In chasing pirates, Navy comes full circle


By Andrew Scutro - Staff writer
Posted : Sunday Nov 4, 2007 11:21:25 EST

The Navy is getting back to its roots. Re-established specifically after the Revolutionary War to combat North African pirates who were plundering merchant ships, American sailors now find themselves toe-to-toe with seagoing thugs again, called on to rid the seas of violent hijackers.

At least three American destroyers engaged hijacked vessels off the coast of Somalia the week of late October, early November.

On Oct. 28, U.S. ships responded to a distress call from the hijacked Japanese-owned but Panamanian-flagged cargo ship Golden Nori, firing warning shots over the bow and tearing into two pirate skiffs with their 25mm chain guns, setting the boats ablaze.

Lt. John Gay, spokesman for 5th Fleet in Bahrain, could not confirm the action was taken by American warships. But news reports have said the Norfolk, Va.-based destroyers Arleigh Burke and Porter were involved, and that the Golden Nori was carrying the chemical benzene. A caption in an official Navy photo said the Porter sank the skiffs.

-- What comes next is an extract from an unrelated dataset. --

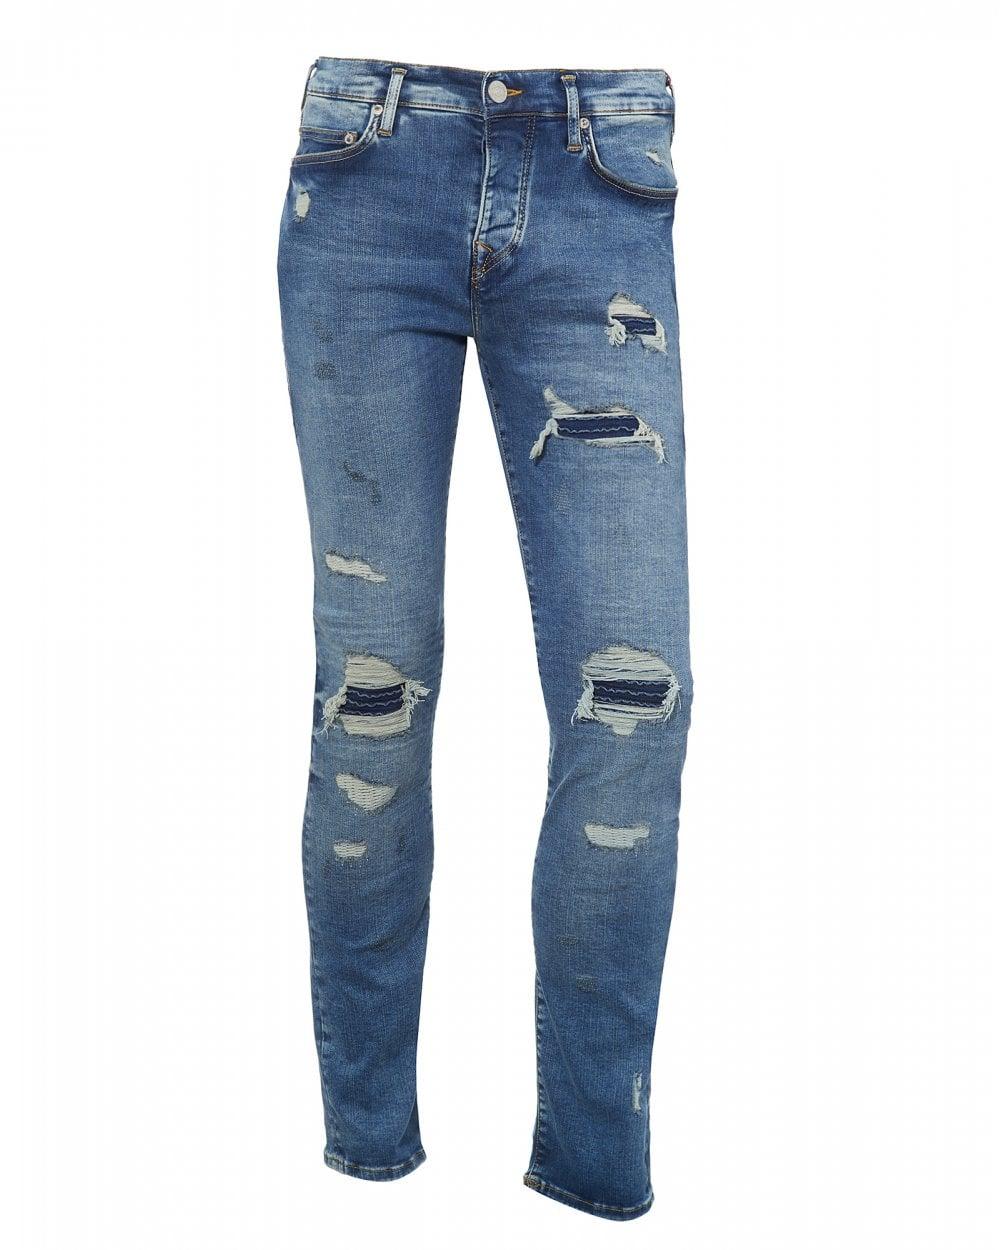 b45374ea7 True Religion Mens Rocco Destroyed Jeans, Navy Blue Denim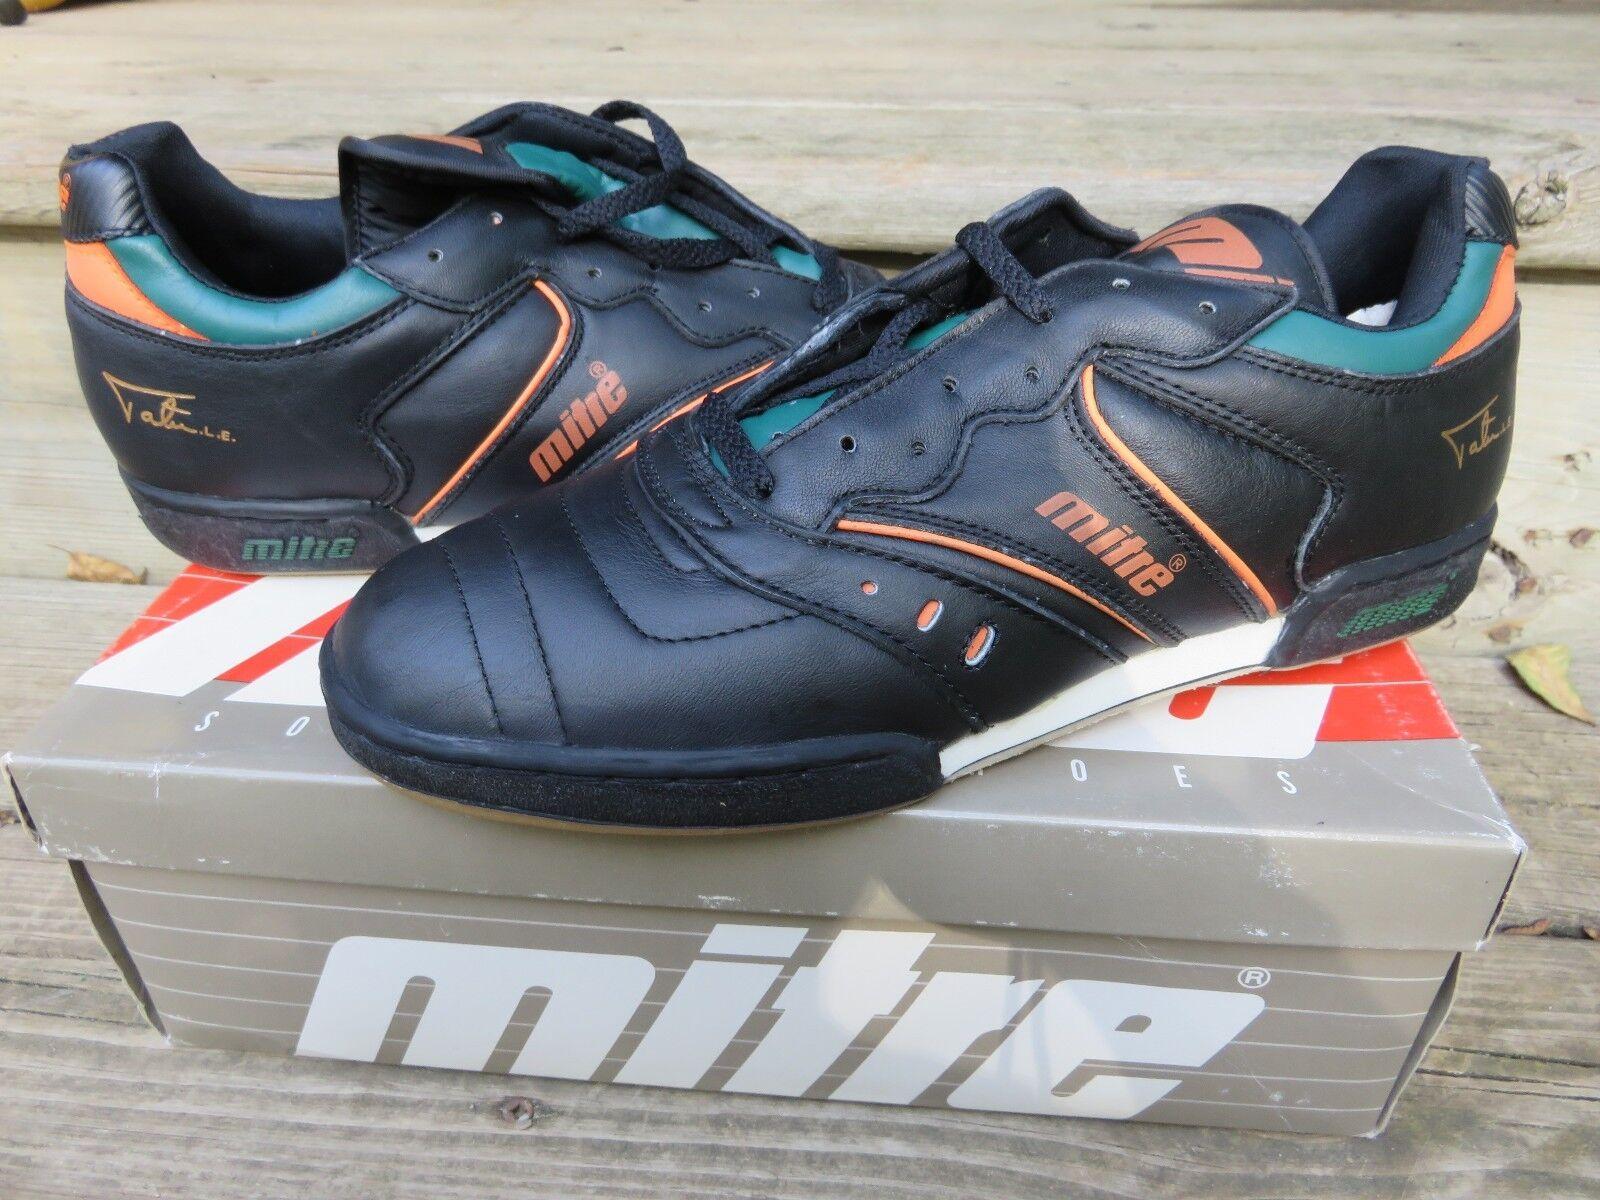 NOS Mitre Tatu Le Soccer Size 9.5 Athletic Indoor Cleats shoes Vintage NEW

“[The Golden Nori] was seized by pirates in the Gulf of Aden, then taken around the Horn [of Africa] and south to an area where there has been piracy in the past,” he said. The destroyers reacted to a distress call, and tried to get the hijacked cargo ship to change course, then “warning shots were fired in front of the vessel, and subsequently the skiffs were engaged, disabled and sunk,” he said.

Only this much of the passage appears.